### Recorded information
● ● ● ●
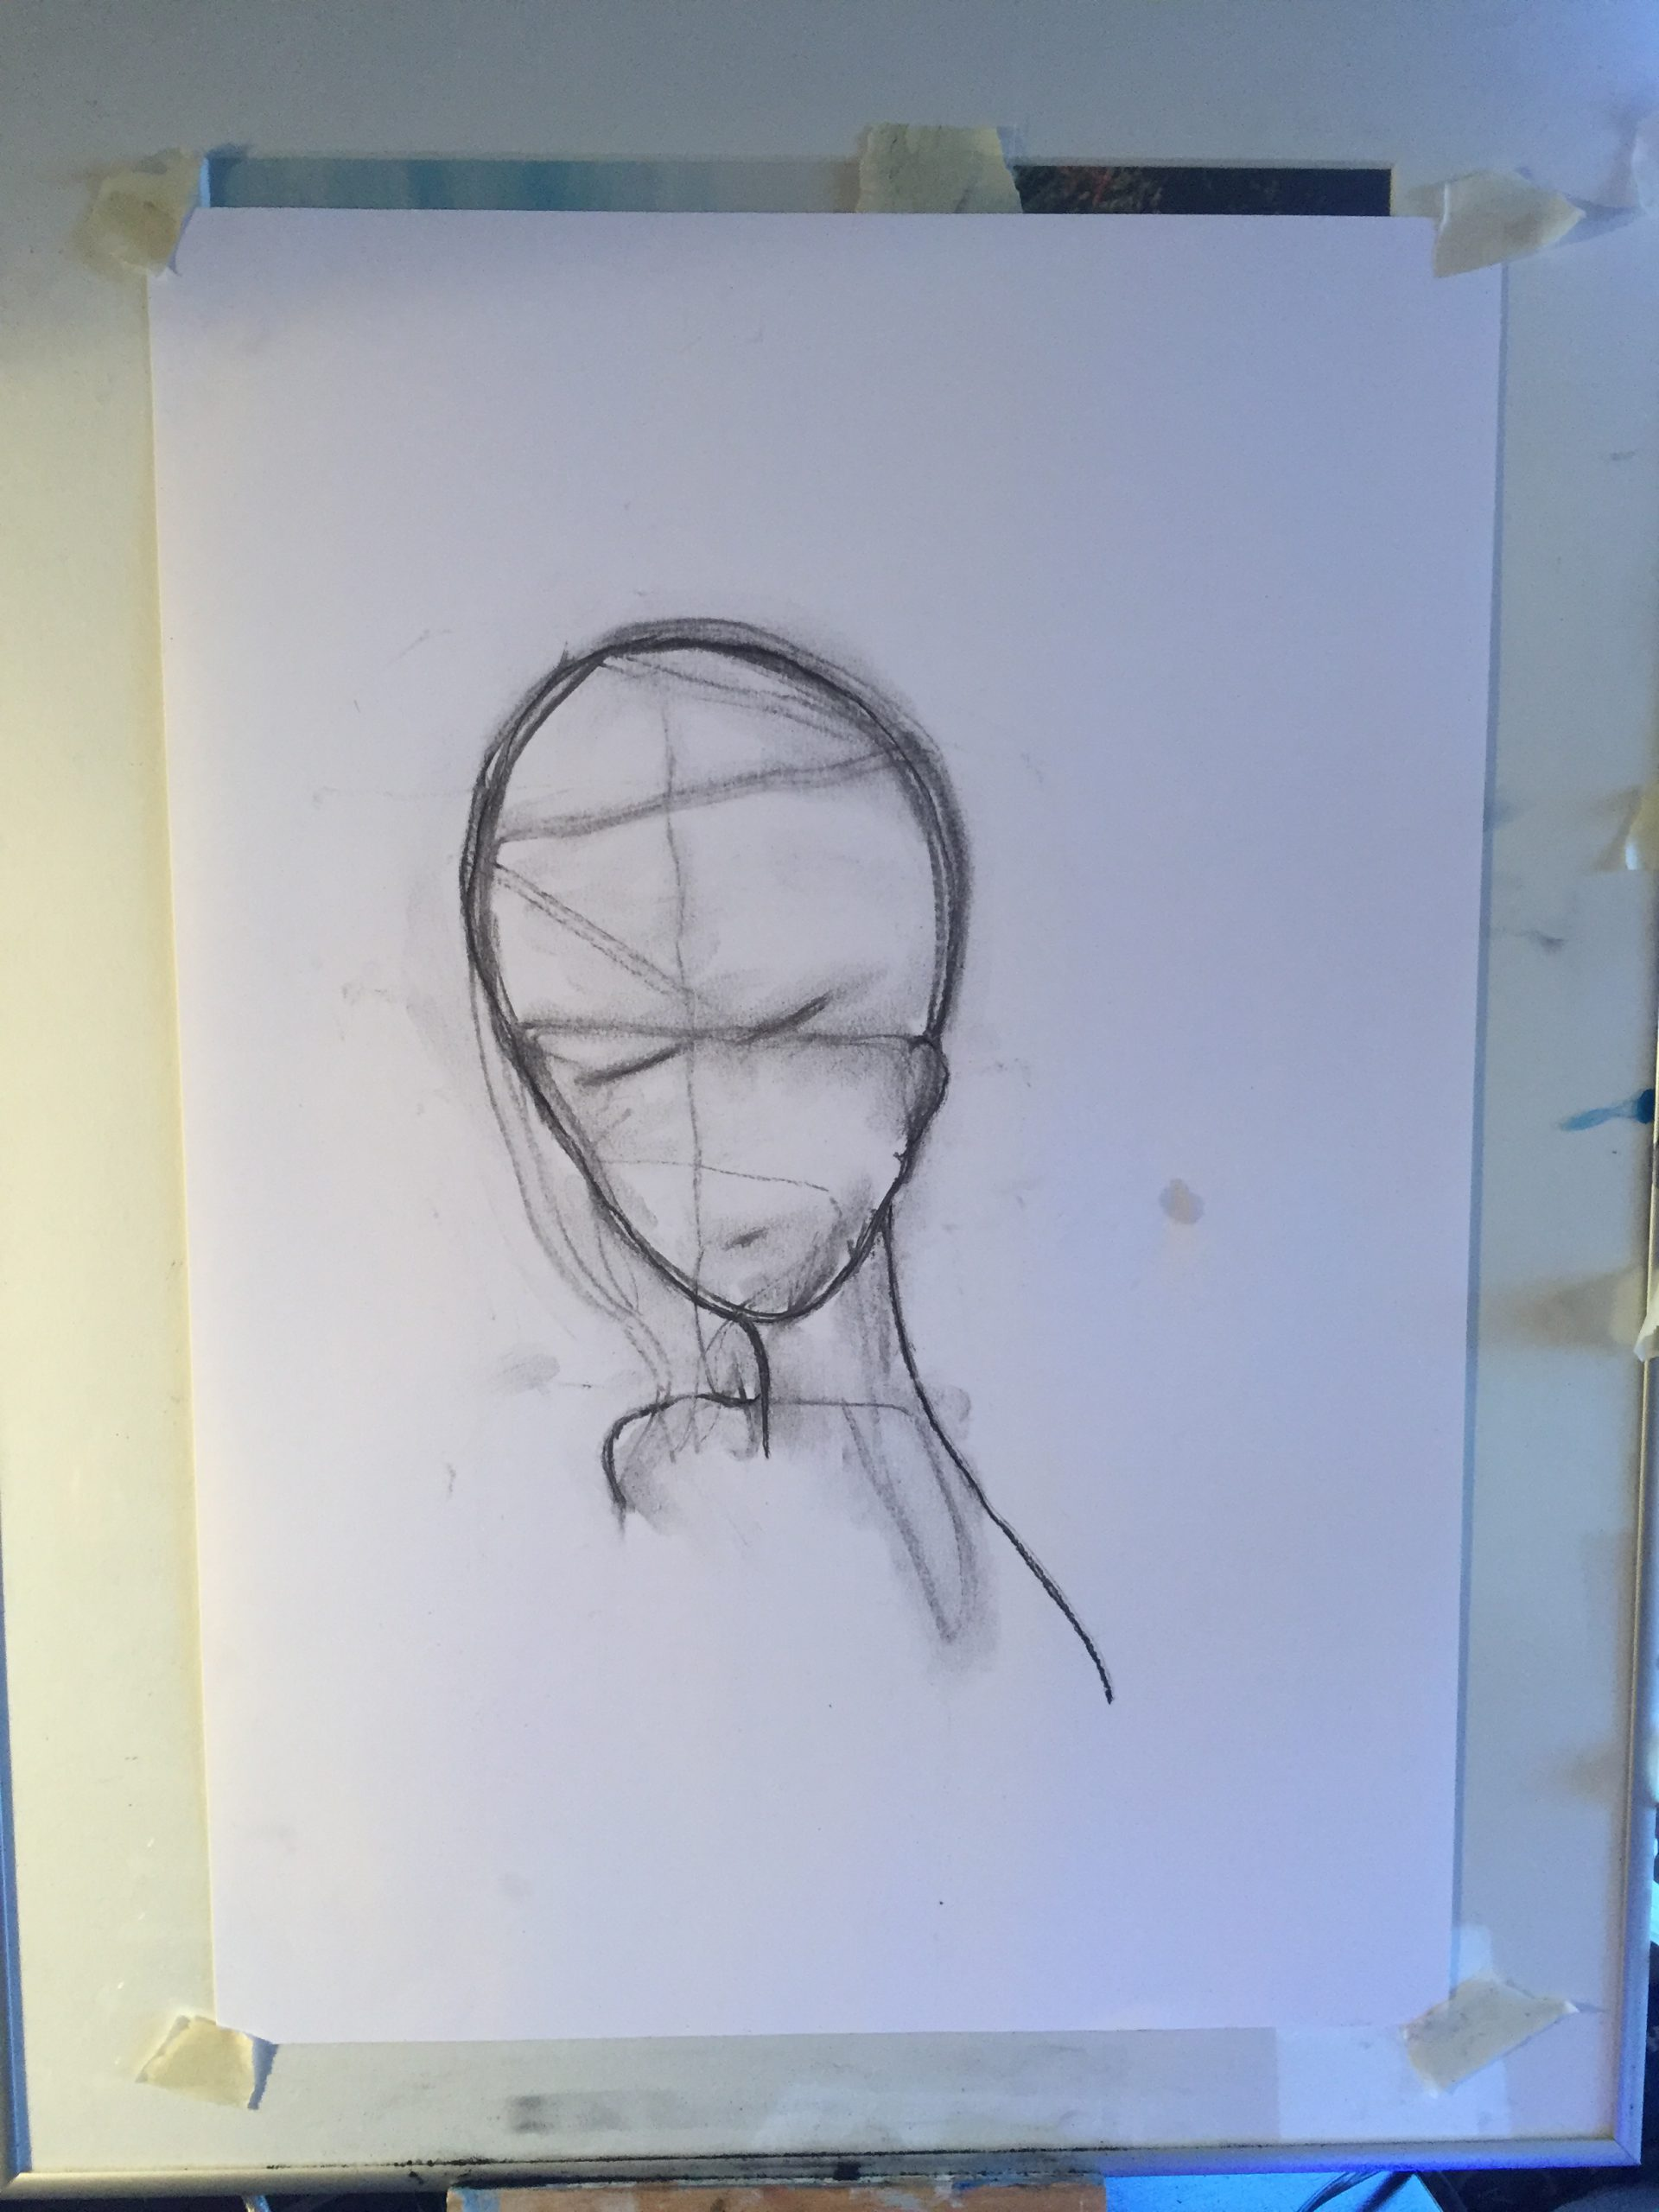 We must be kind. Original artwork drawing in charcoal.
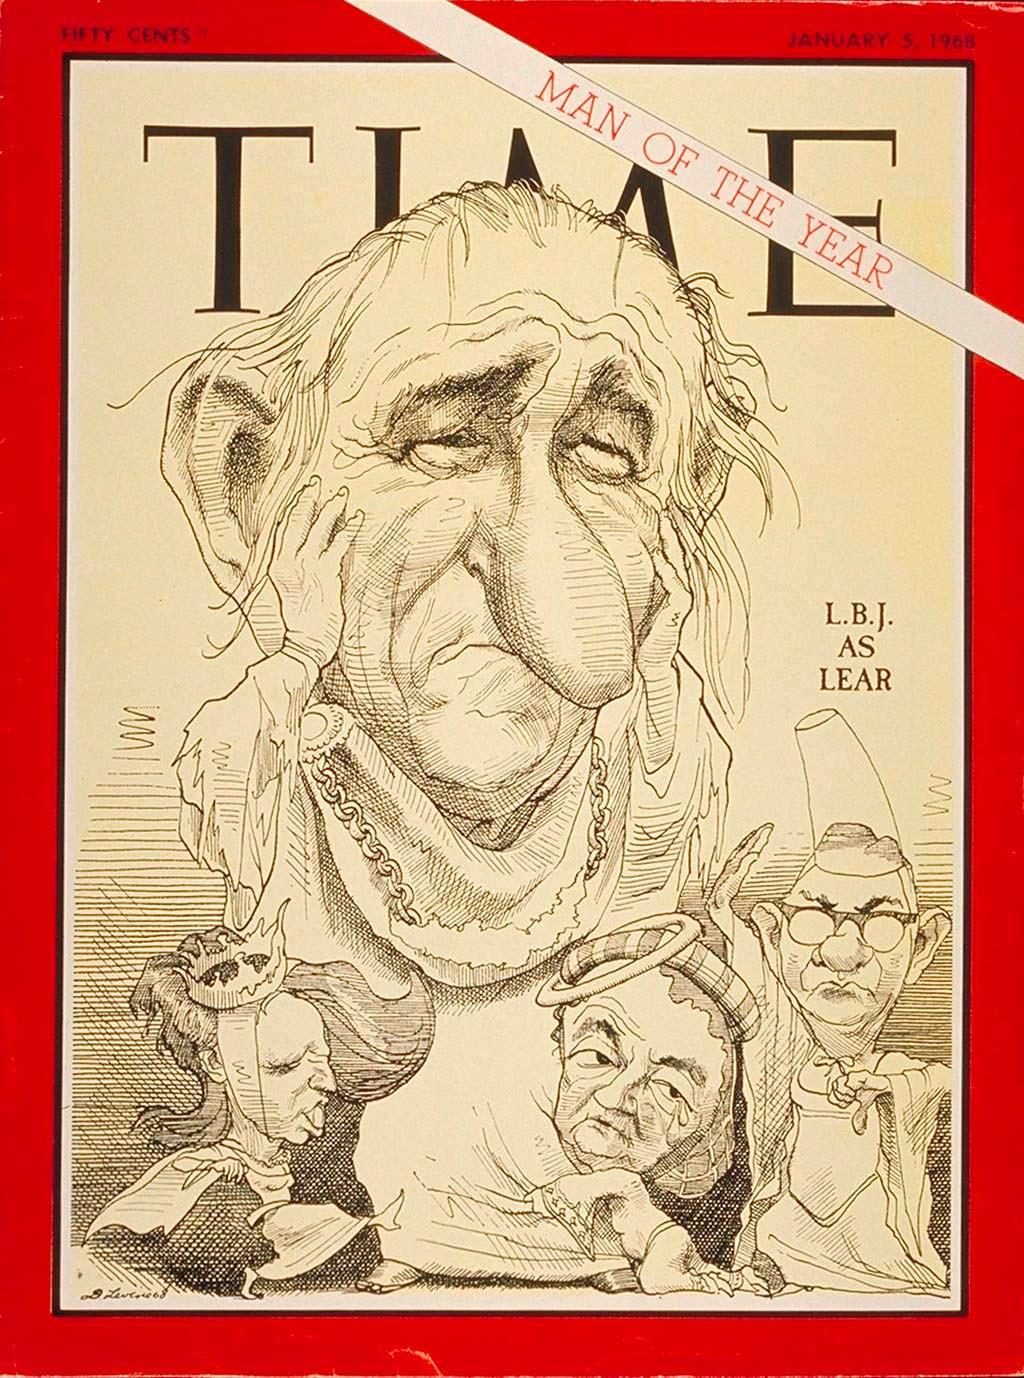 1967 год. Президент США Линдон Джонсон на обложке Time
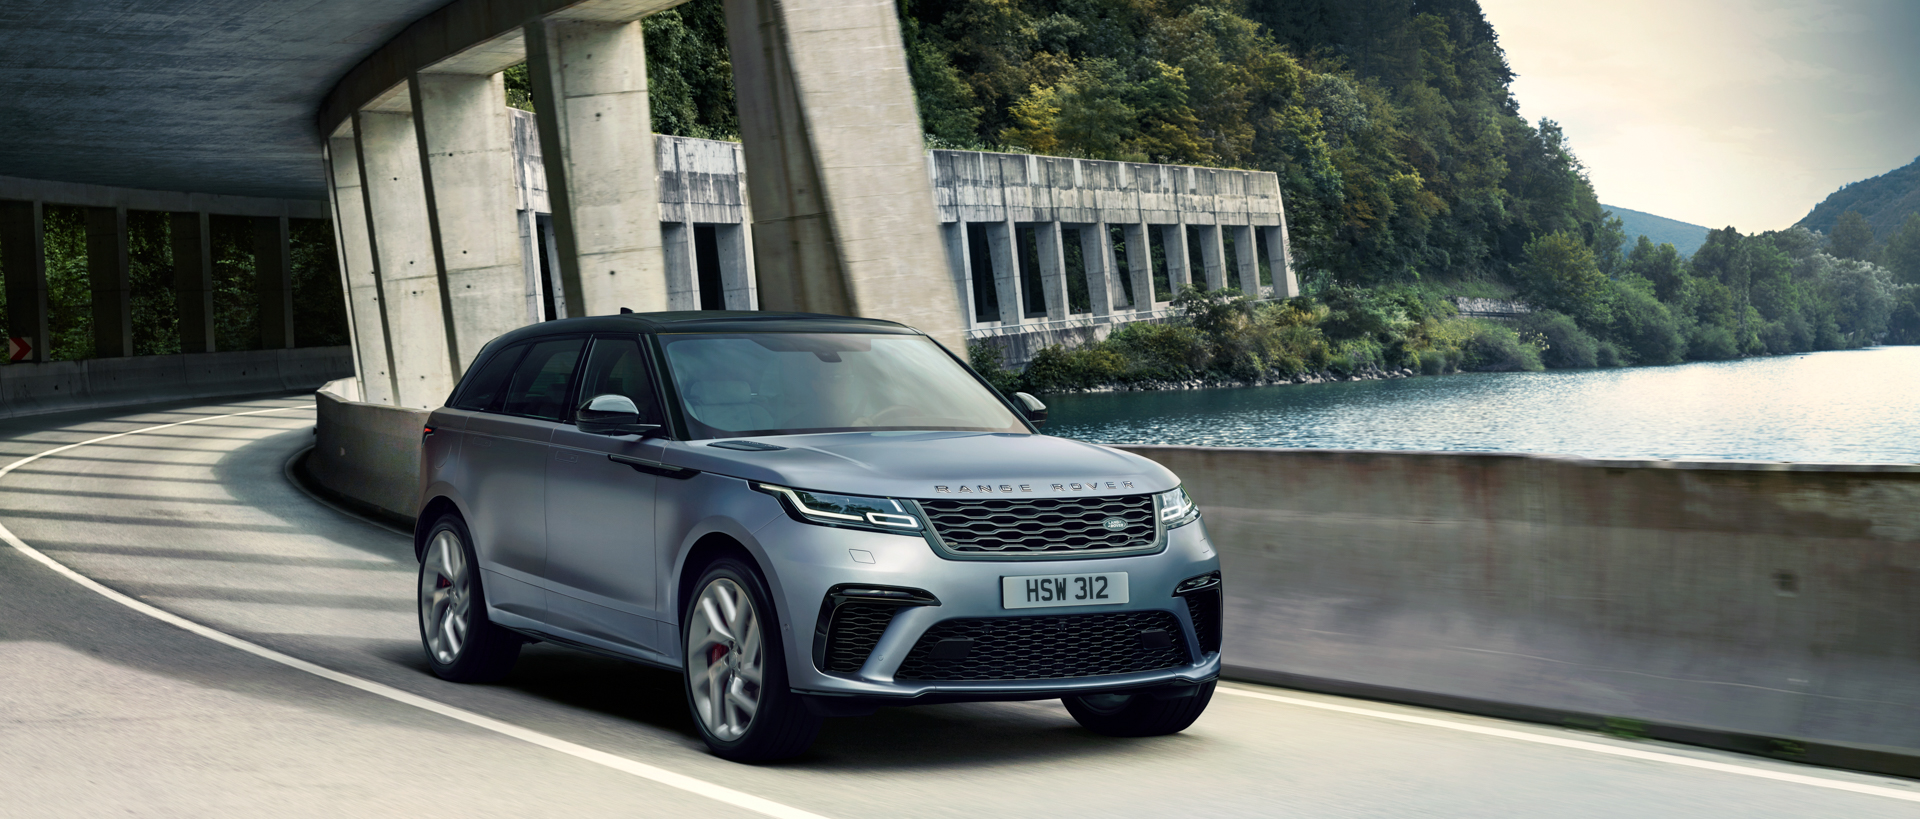 Range Rover Velar SVAutobiography 2 of 4
● ● ● ●
### Problem to solve
All of the material should be written out again exactly, apart from the pictures.

### Task output
 We must be kind. Original artwork drawing in charcoal.
 1967 год. Президент США Линдон Джонсон на обложке Time
 Range Rover Velar SVAutobiography 2 of 4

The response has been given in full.